The next step forward will be to define a baseline, capable of identifying whether the current, common deep learning neural network would be wrong in performing this task. So far, GLOM is being driven by creating and labelling data to find correct predictions.


In conclusion, if GLOM meets the challenge of representing a parse tree in a neural network, it would be a success, as it would make neural networks work correctly with almost no errors.

Geoff Hinton has made great contributions of value to the world of AI, many of his intuitions have proven to be correct, and GLOM is expected to be one more of them, especially when the creator of the model himself has such high hopes for it.

Moreover, the power of this model lies in the echo chamber analogy, in mathematical analogies, and even in some biological analogies. All of this brings with it a disruptive and novel design in the engineering surrounding AI.

Initially, the idea of GLOM was born as a kind of philosophical musing, but after pilot testing by Google Research, it is proving to be a valid and effective model. Previously, neural network models never seemed in their early days to be a feasible or viable idea, but they have proven to be studies that work remarkably well. Thus, the trend for the GLOM model is expected to be the same.

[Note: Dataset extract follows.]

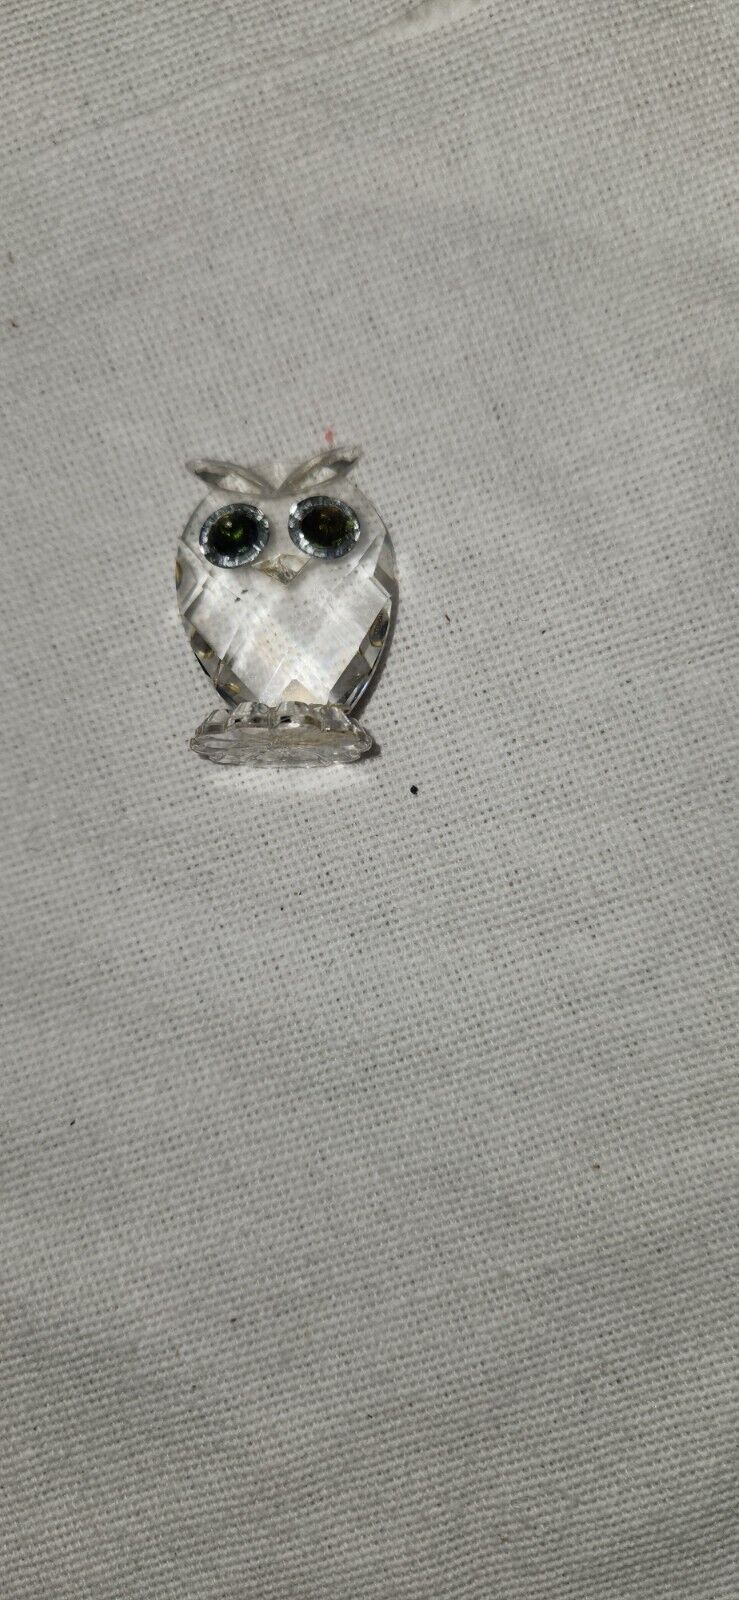 Swarovski Owl 1.5” Green Eyes

However, GLOM is not intended to be the key to AI capable of solving large problems with agility, but it is one of those advances that will drive the future of neural networks, giving them a similarity to human thinking, such as building on past experiences, generalising, extrapolating and understanding.

Therefore, the future of AI lies in being as similar as possible to human thinking, because if it were more human-like, the negative aspects and mistakes made by neural networks could be predicted and their origin understood.

However, for now this is a project still to be developed and is in experimental stages, but Hinton wanted to make this information public for anyone who wants to try it out. He also suggests that the public make new combinations of this idea, hoping to achieve a new philosophy in AI science.